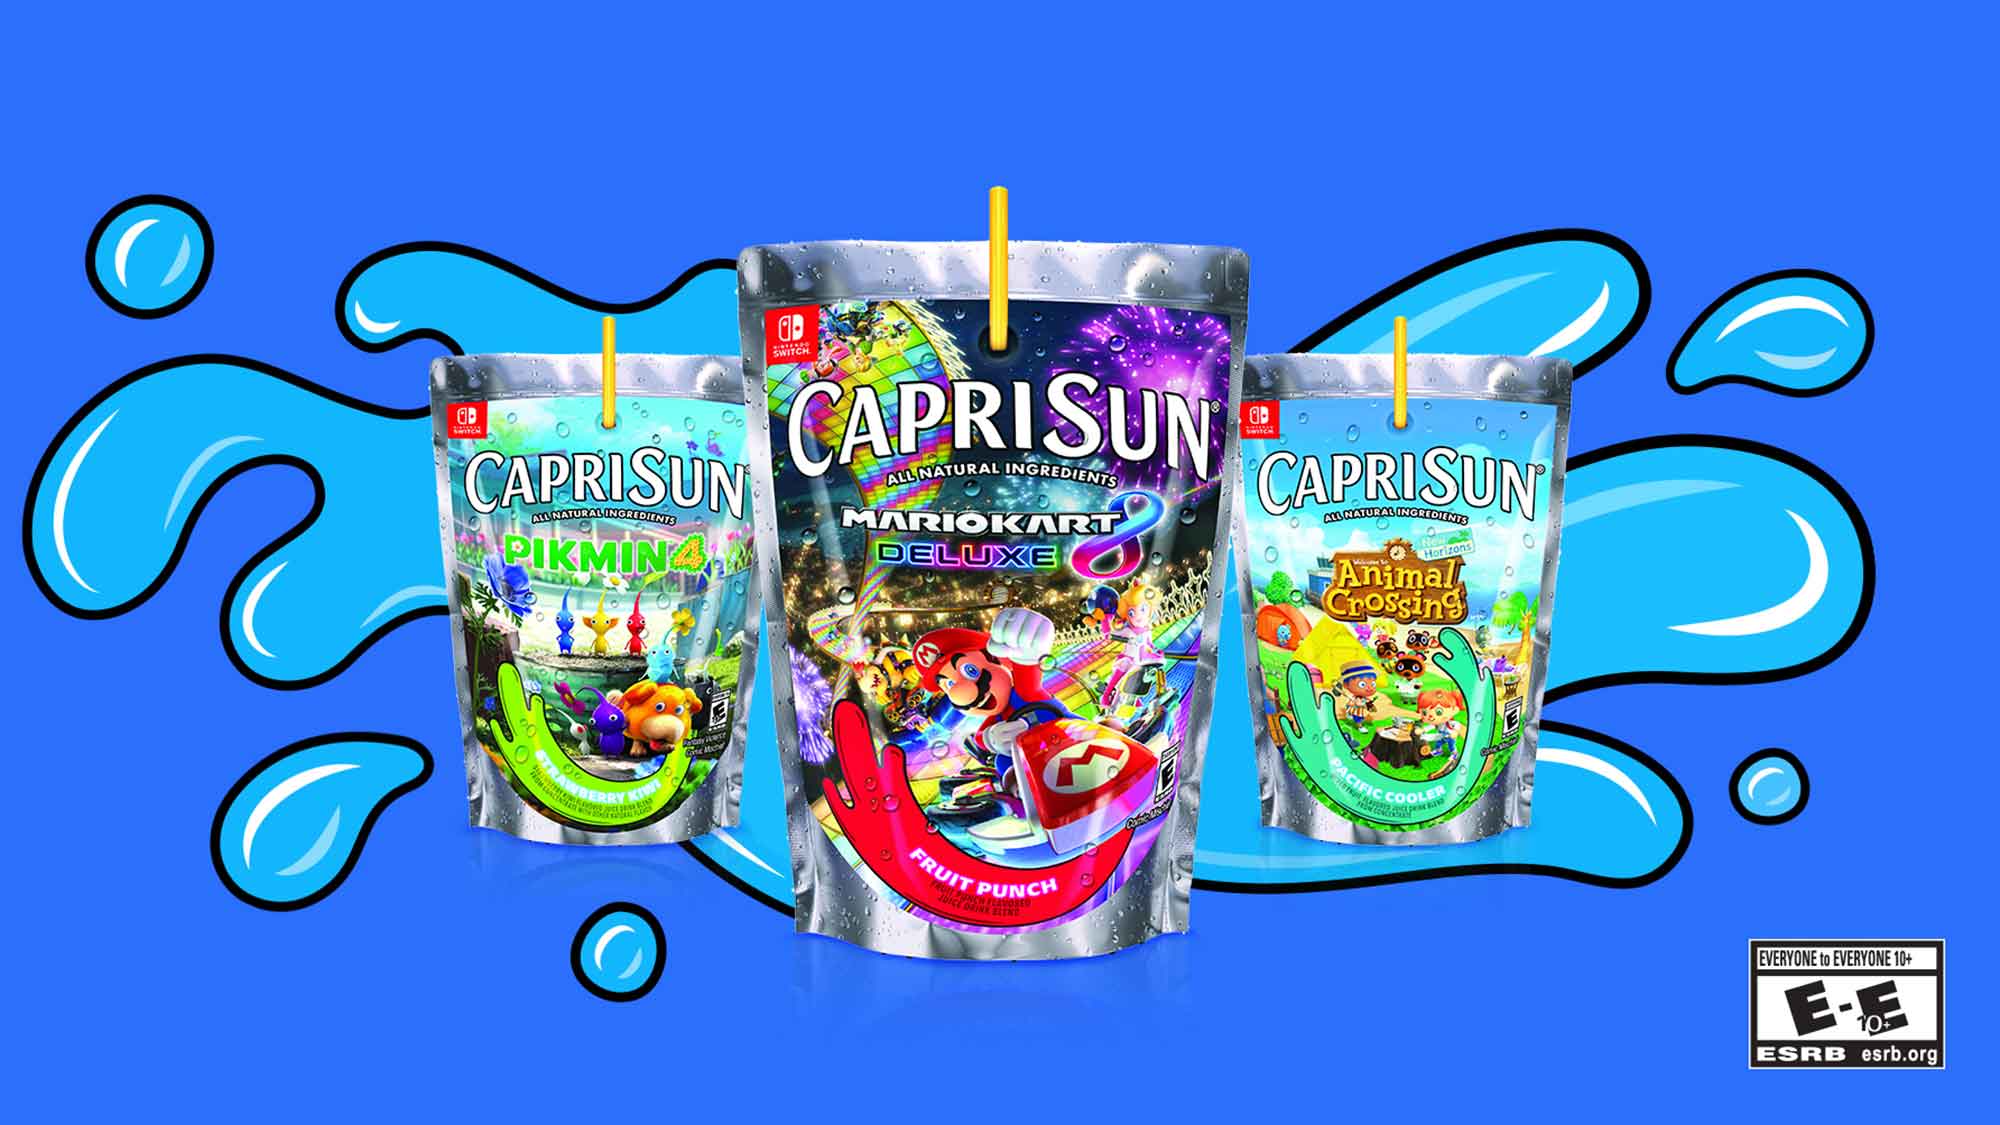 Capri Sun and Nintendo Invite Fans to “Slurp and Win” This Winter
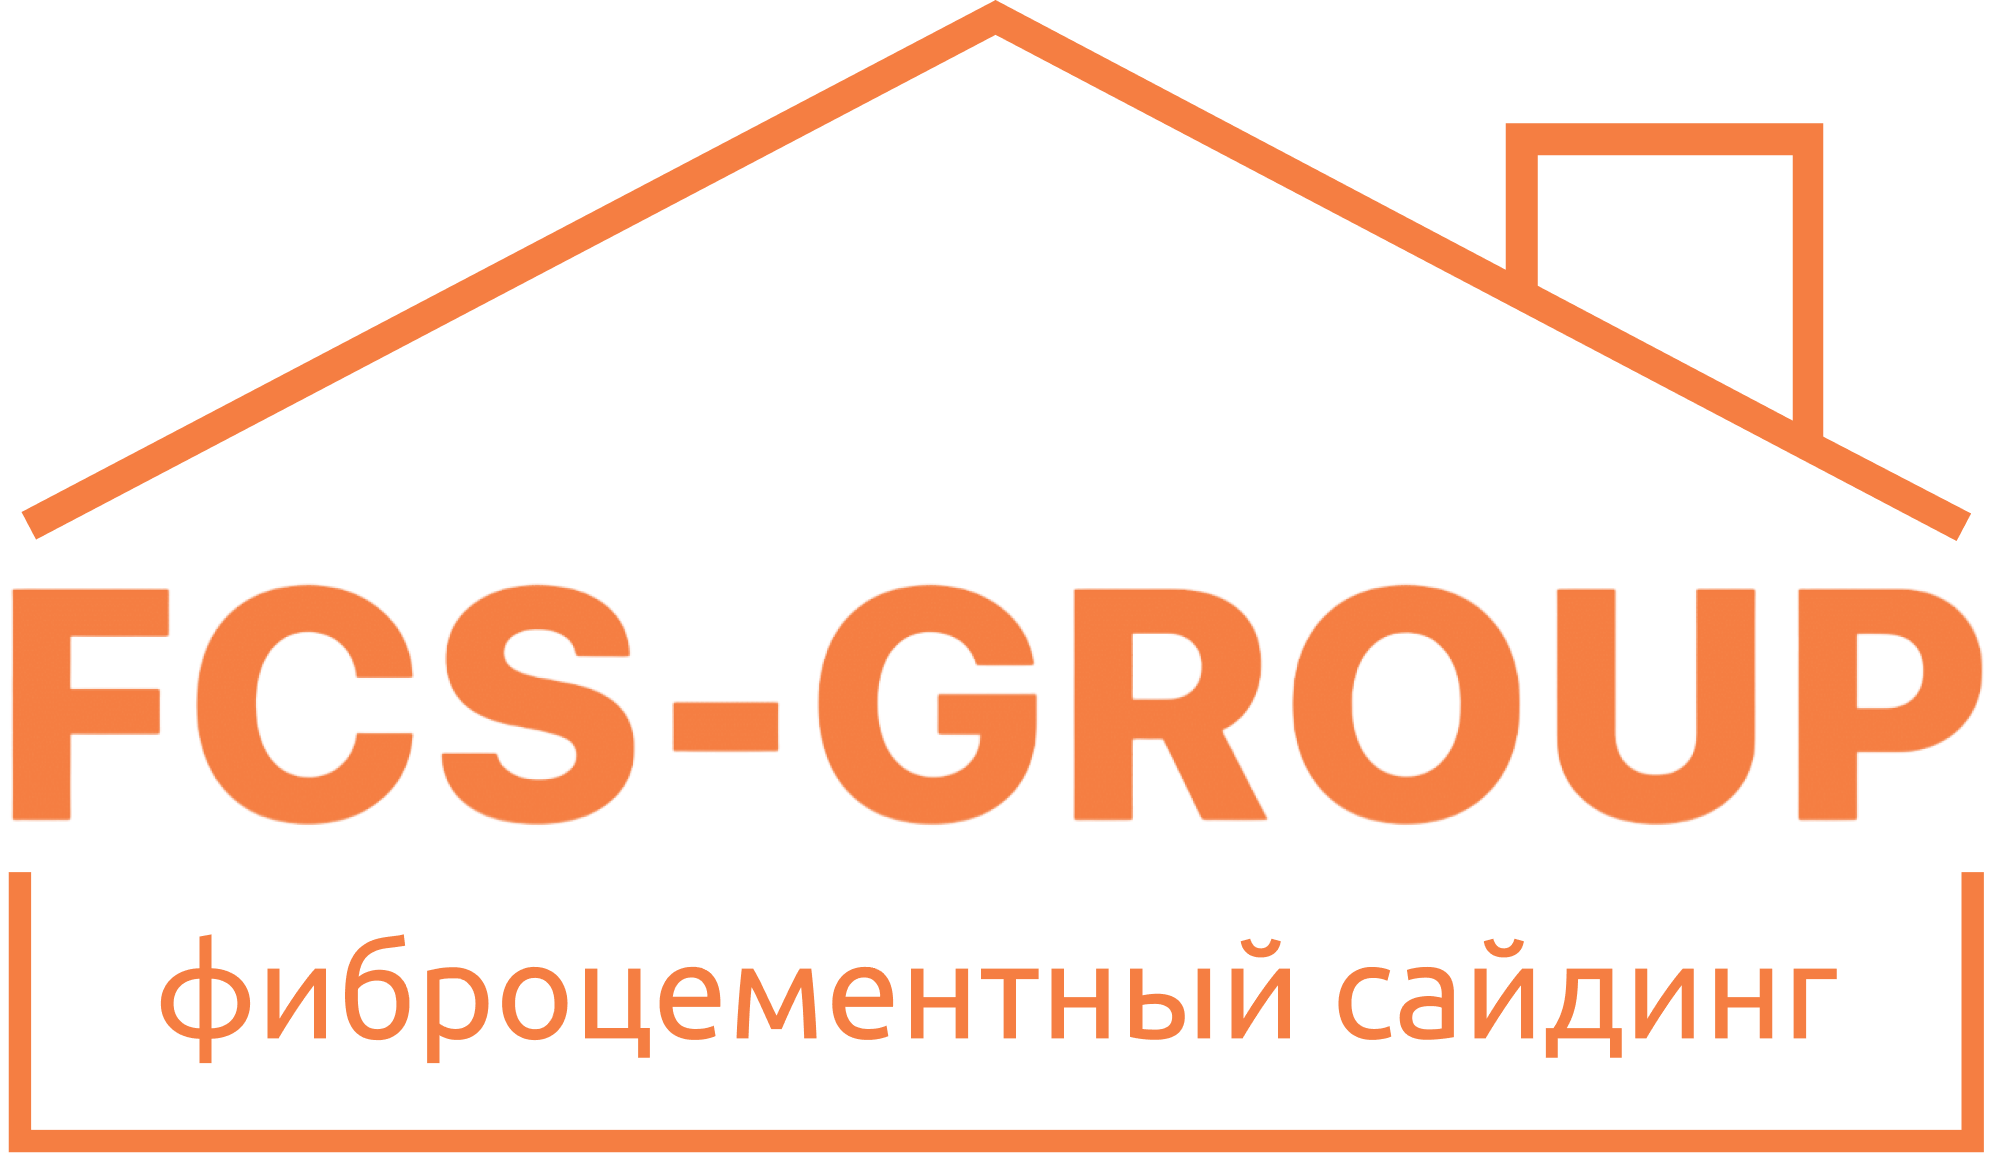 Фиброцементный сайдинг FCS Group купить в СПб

......

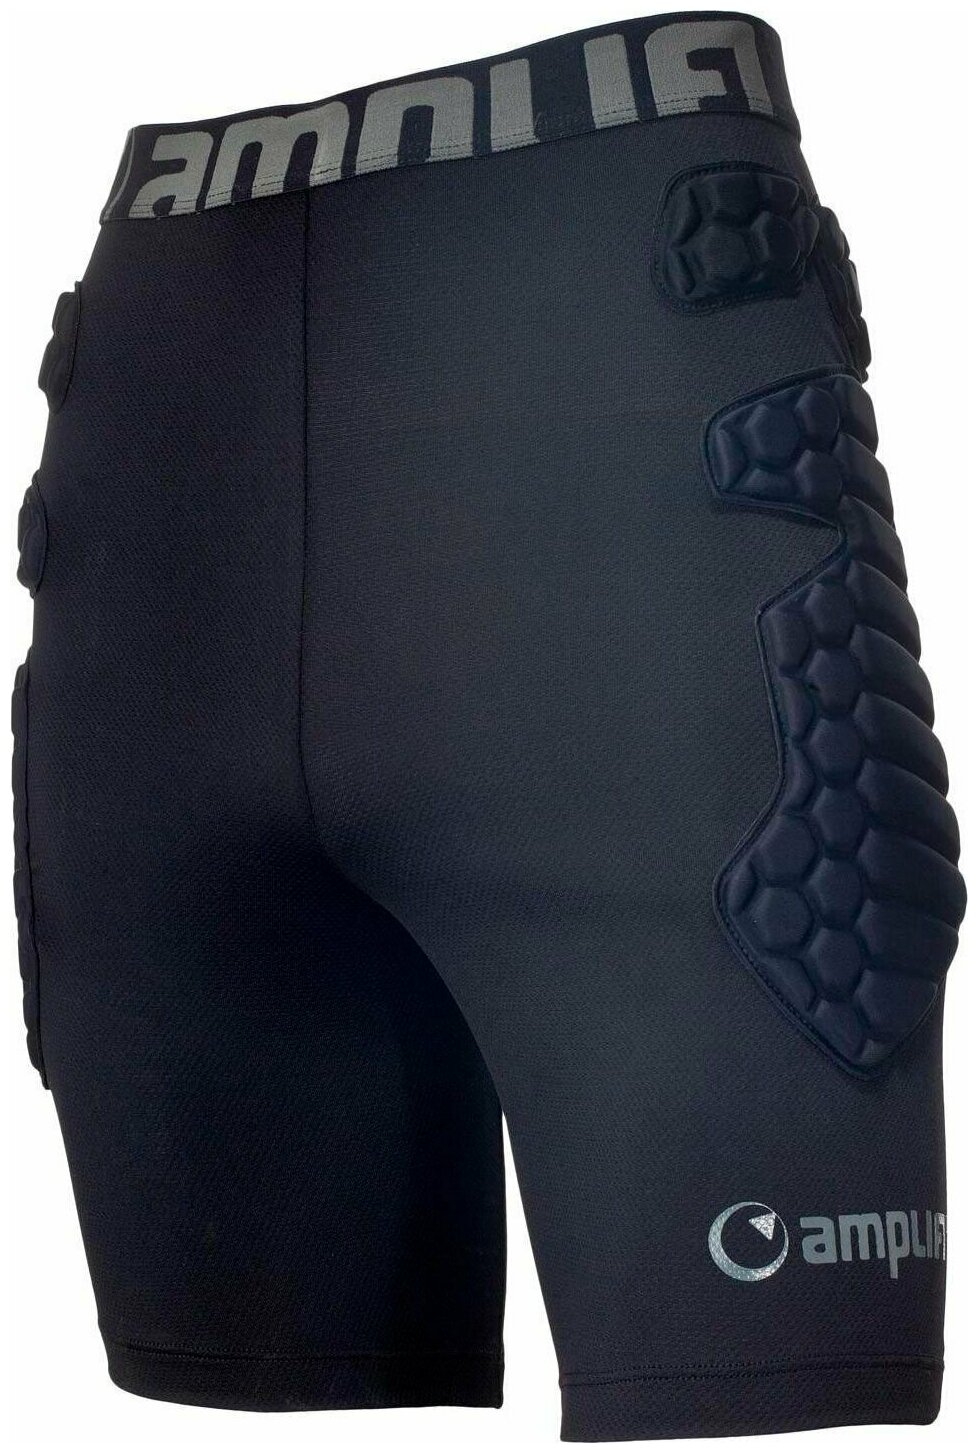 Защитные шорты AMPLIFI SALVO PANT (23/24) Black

......

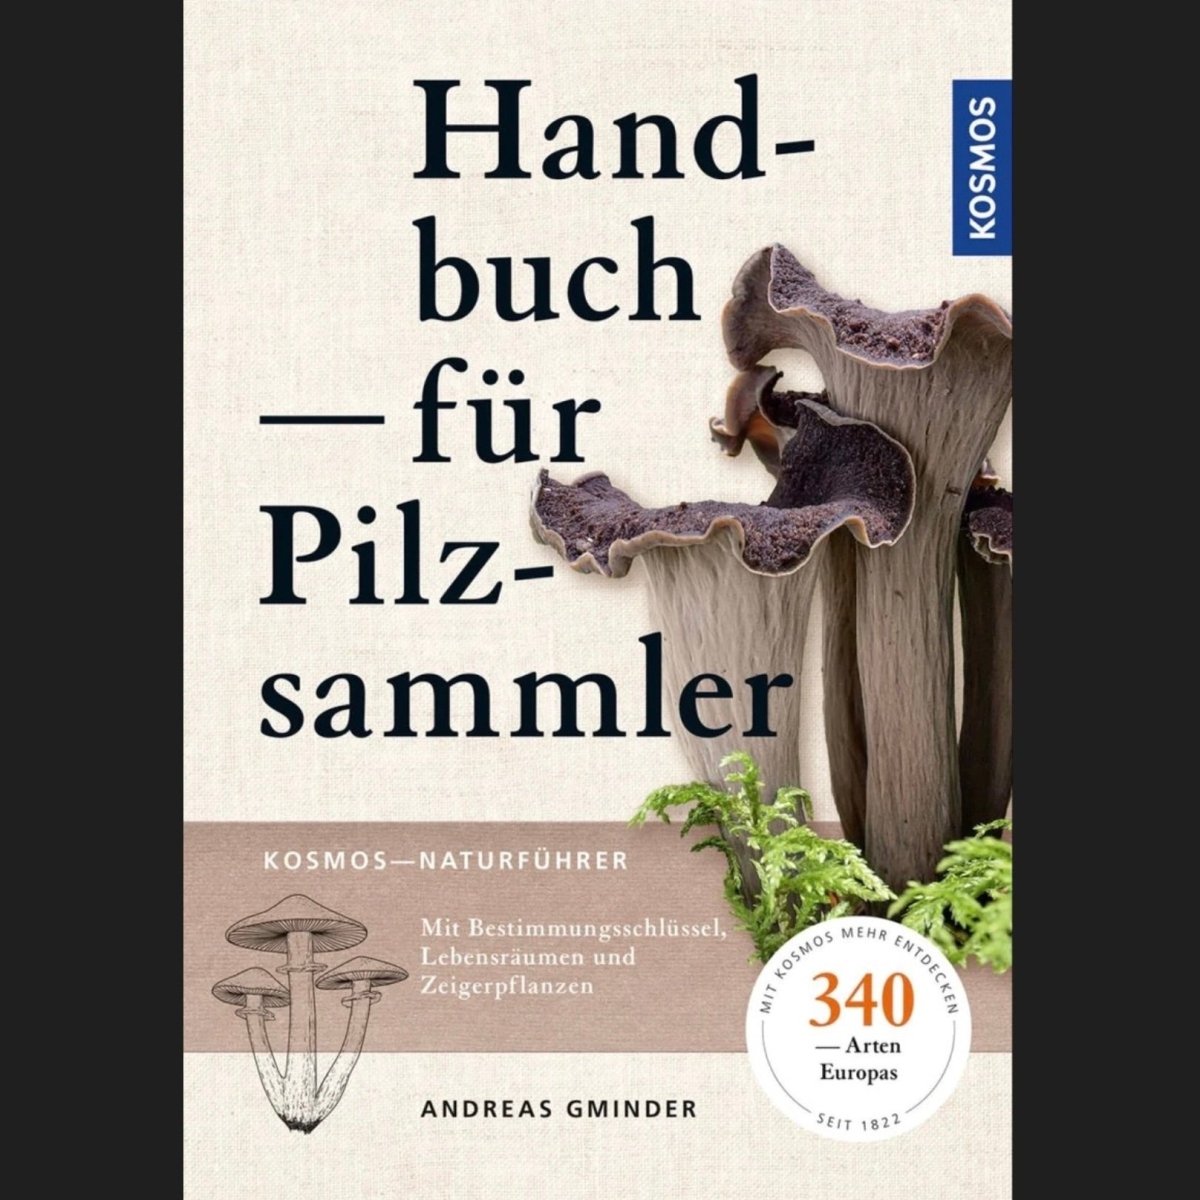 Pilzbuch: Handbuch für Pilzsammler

......

__TASK BRIEF__. Using the entries above, transcribe every line from the line containing "Capri Sun and" through the line containing "Фиброцементный сайдинг FCS". Do not copy pictures.

__EXPECTED ANSWER__.
 Capri Sun and Nintendo Invite Fans to “Slurp and Win” This Winter
 Фиброцементный сайдинг FCS Group купить в СПб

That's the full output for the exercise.